The importance of distinguishing between these forms of throat inflammations is apparent when it is recalled that the specific character of the disease not only determines the necessity of isolating the affected person but also the method of treatment that should be followed. New York was the first city in which a municipality endeavored to make that distinction, and what is now known as the "New York plan" was inaugurated by Prof. Hermann M. Biggs, and his associate, Dr. William Hallock Park, of the Board of Health. In New York, as in most cities, physicians are required to report the cases of diphtheria they are called upon to treat; if the environment of the affected person renders it desirable to transfer the individual to a hospital for contagious diseases, it is a matter of importance to decide that the disease is diphtheria. Some of the material from the suspected person's throat is obtained by rubbing the latter with a rod having a piece of sterilized cotton wound around its end, and then the cotton is rubbed over a sterilized mixture of blood-serum contained in a closed test-tube, so as to transfer any microorganisms from the cotton to the serum. The test-tube is placed in an incubating oven and within twenty-four hours the character of the growth of micro-organisms may be decided. In one year Dr. Park and his assistant, Mr. A. Beebe, made bacteriological examinations of 5,611 cases of suspected diphtheria, and the bacilli of true diphtheria were only found in 3,255 cases, or fifty-eight per cent, twenty-seven per cent of the cases being pseudo-diphtheria, and fifteen per cent being of a doubtful character. This seems to prove conclusively that every case suspected of being diphtheria must be examined bacteriologically by an expert.

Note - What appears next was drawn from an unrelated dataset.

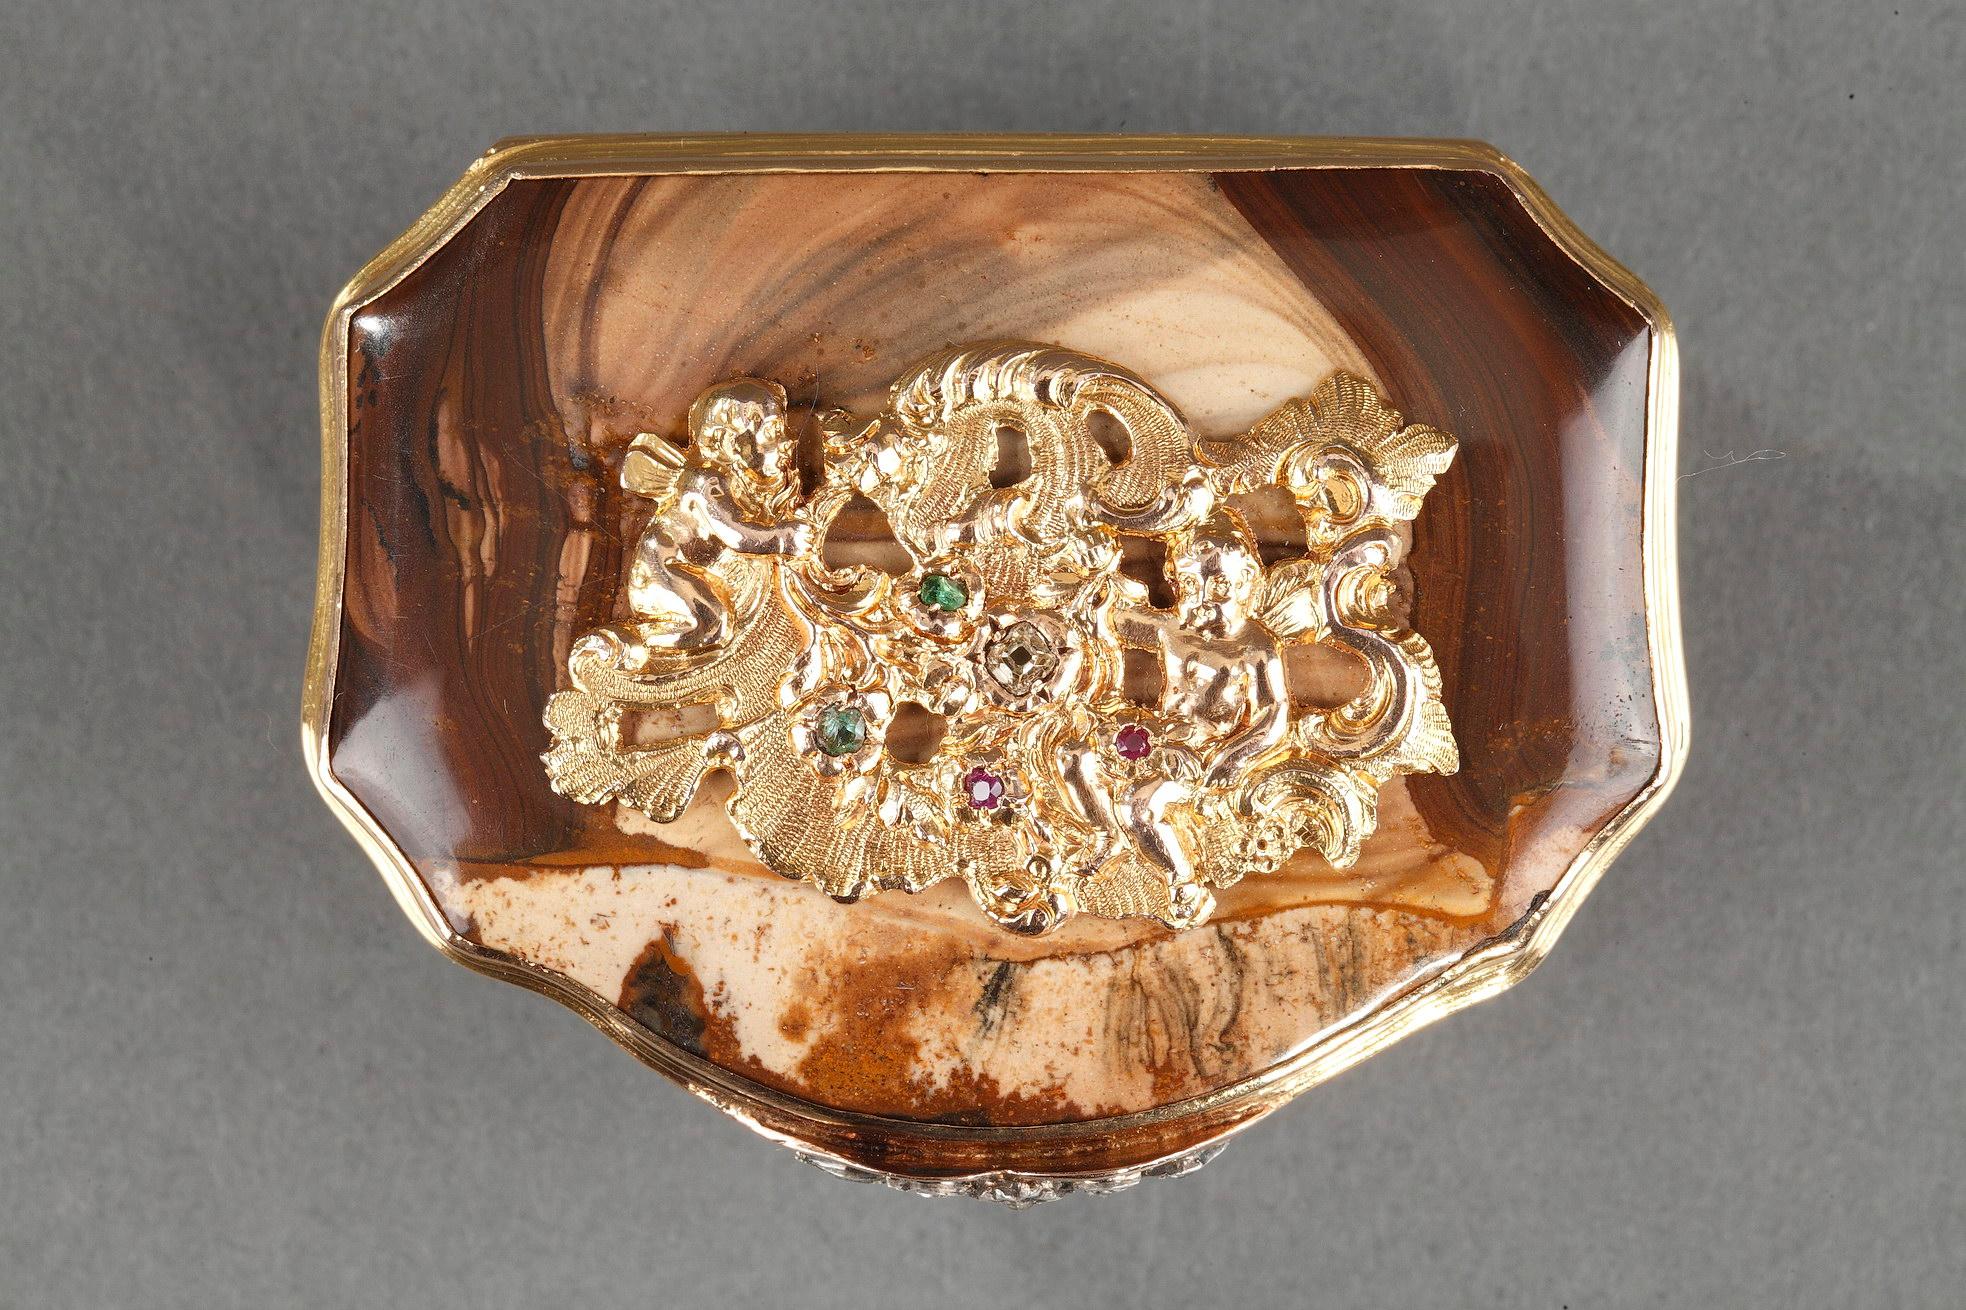 Gold, Agate and Gemstones Snuffbox, 18th Century 1

The affected person should be regarded as infectious from the moment the diphtheria bacilli are found to be present upon the mucous membranes, and, while the bacilli usually disappear with or soon after the disappearance of the local signs, yet in some cases they may remain in an active and virulent state for weeks and even months after the patient has apparently recovered. Therefore no patient should be discharged as recovered until at least two or three bacteriological examinations, made at different times, have failed to reveal the presence of the Klebs-Loeffler bacillus in the secretions of the air passages.

Diphtheria is most rapidly communicated by direct contact between the sick and healthy persons. Coughing, sneezing, spitting, kissing, holding the patient's hands, the use of utensils in contact with the patient, drink or food in the sick-room, and clothing, books, and toys may be the media for carrying the bacilli. From this it may be appreciated that the diphtheria patient must be isolated either in a separate room in the house or in an isolation ward, and that there must be thorough disinfection of all articles in contact with the patient, as well as a local antibacillary treatment of the nose and throat to remove the bacilli and thus limit the possibility of their dissemination.

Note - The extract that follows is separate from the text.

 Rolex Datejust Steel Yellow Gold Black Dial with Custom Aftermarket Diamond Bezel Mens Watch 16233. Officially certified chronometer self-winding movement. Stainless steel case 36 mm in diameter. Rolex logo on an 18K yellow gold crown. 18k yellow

When diphtheria is prevalent the best prophylactic measures are cleanliness, dryness, ventilation, and proper light in dwelling rooms; cleanliness of the nose and mouth that may be secured by thorough daily irrigation with a one-per-cent solution of common salt or a two-and-half-per-cent solution of common baking soda, used as hot as can be borne, with careful brushing of the teeth and medical care of the tonsils if enlarged or diseased; and, finally, cold ablutions of the neck.

The difficulty heretofore referred to of distinguishing, by the naked-eye appearances, the diphtheritic from the pseudo-diphtheritic inflammation, as well as the formerly existing confusion regarding the identity of all such inflammations, at first inspired doubt in the minds of many investigators that the Klebs-Loeffler bacillus caused diphtheria, especially as it could be injected into animals without producing diphtheritic paralysis. But in 1888 Roux and Yersin found that such injections would kill animals if the bacilli were introduced in sufficient number and sufficient degree of virulence; and, further, that the growth of the bacilli in culture fluids produced poisonous substances, called toxines, so that if the cultures were passed through a porcelain filter in order to remove all the living germs, the filtered liquid would produce exactly the same symptoms, and consequently the microbe only acted through its toxines.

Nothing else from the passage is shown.